E2: Finding a Needle in a Hashstack

One of the best uses of a computer is to find things—meaning information or other data. Facebook finds what your friends are doing, Buzzfeed finds things you kind of care about, and even Bing finds things sometimes, too. For this exercise, you're going to write your own code that finds things. Note: if you're wondering how your methods should work in certain cases, check out the example tests in the code section below. Writing examples which make it clear how you want your method to work before implementing it is a great way to organize your thoughts!

Thing to find = letter in string

Write a method index_of that takes two parameters, a string and a letter. Return the index of the first time the letter occurs in that string, or -1 if it doesn't occur.

Thing to find = item in array

Write a method find_by_name, which takes an array of hashes, each of which has the property :name, and a string and finds the first one that has that name.

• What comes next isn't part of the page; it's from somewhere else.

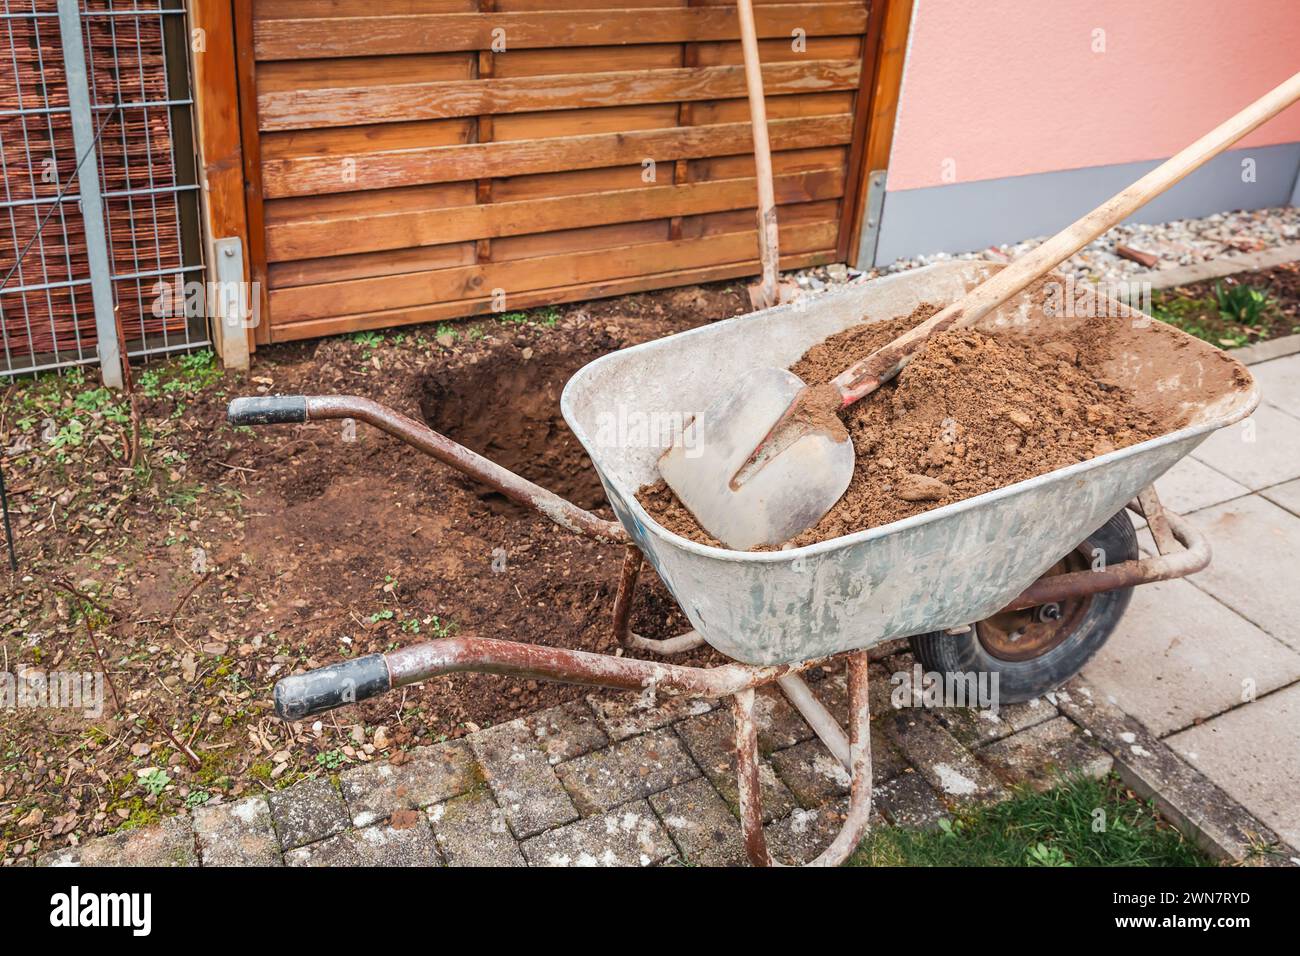 Wheelbarrow with soil and shovel, digging a hole for planting a tree or construction Stock Photo

Thing to find = items in array

Write a second, very similar method filter_by_name, which returns and array with all the items with the given name. Note that that method should always return an array, even if only one item is found.

# finding_things.rb

# Your code here

index_of("abcdefghijklmnop", "m")
# => 12
index_of("abcdefghijklmnop", "z")
# => -1

people = [
  {
    :id => 1,
    :name => "bru"
  },
  {
    :id => 2,
    :name => "ski"
  },
  {
    :id => 3,
    :name => "brunette"
  },
  {
    :id => 4,
    :name => "ski"
  }
]
find_by_name(people, "ski")
# => {:id=>2,:name=>"ski"}
find_by_name(people, "kitten!")
# => nil
filter_by_name(people, "ski")
# => [{:id=>2,:name=>"ski"}, {:id=>4,:name=>"ski"}]
filter_by_name(people, "bru")
# => [{:id=>1,:name=>"bru"}] (Note this is still an array)
filter_by_name(people, "puppy!!!")
# => []

Projects

Ruby: Fueling Consumerism

Now that you have a beautiful presence on the Internet, we're going to work on bringing one of the most notable American vices to South Africa: consumerism. Over the next two days, you'll use your new knowledge of Ruby—with all its Hashes and Classes—to build a Shopping Cart and some Shoppers. It will closely model something you might build in a Rails application some day.

The Goods

To start, create a shopping_cart folder in your projects directory. We'll start with an Item class, so in shopping_cart, create a file called item.rb. Item is the simplest: it just has a name and a price. Copy the below code into it:

# item.rb

class Item
  # @param{string} name The item's name
  # @param{float} price The item's price
  def initialize(name, price)
  end

  # Accessor methods

  # Returns name
  def name
  end

  # Returns price
  def price
  end
end

This code doesn't do anything yet, but should be simple to fill out. Go ahead and do so, just like we did in lecture.

The Vehicle

Next we're going to build a Cart class that will hold all of the items, as well as how many items there are. Put this in a new file, cart.rb. This cart will closely resemble Lesson 3A, Exercise 5, so feel free to borrow and modify code from there. To start, here's a template:

# cart.rb

class Cart
  def initialize
  end

  # @return{Array<Item>}
  #   The items and their quantities in the cart, keyed by item name.
  def items
  end

  # @return{float} The total price of all the goods in the cart.
  def total_price
  end

  # @param{Item} item The item to add.
  def add(item)
  end

  # @param{Item} item The item to remove.
  def remove(item)
  end
end

The exact specification is as follows:

Like in the slides, let's create a main.rb that we'll use to test. This is a sample of how you might test it:

# main.rb

require_relative 'item'
require_relative 'cart'
milk = Item.new("milk", 1.20)
eggs = Item.new("eggs", 1.30)
cart = Cart.new
cart.add(milk)
cart.add(milk)
cart.add(eggs)
p cart.items
# Console output might look like (but less well formatted, and the long 0x00... numbers might be different):

[
  #<Item:0x00000103083438 @name="milk", @price=1.2>,
  #<Item:0x00000103083438 @name="milk", @price=1.2>,
  #<Item:0x000001012407f0 @name="eggs", @price=1.3>
]
p cart.total_price
# 3.7
cart.remove(milk)
p cart.total_price
# 1.3

After you think you have a working answer, download the test file from here and put it in your shopping_cart directory (just do File -> Save from Chrome). Run it with ruby shopping_cart_test_1.rb. If you're failing any tests, make them pass.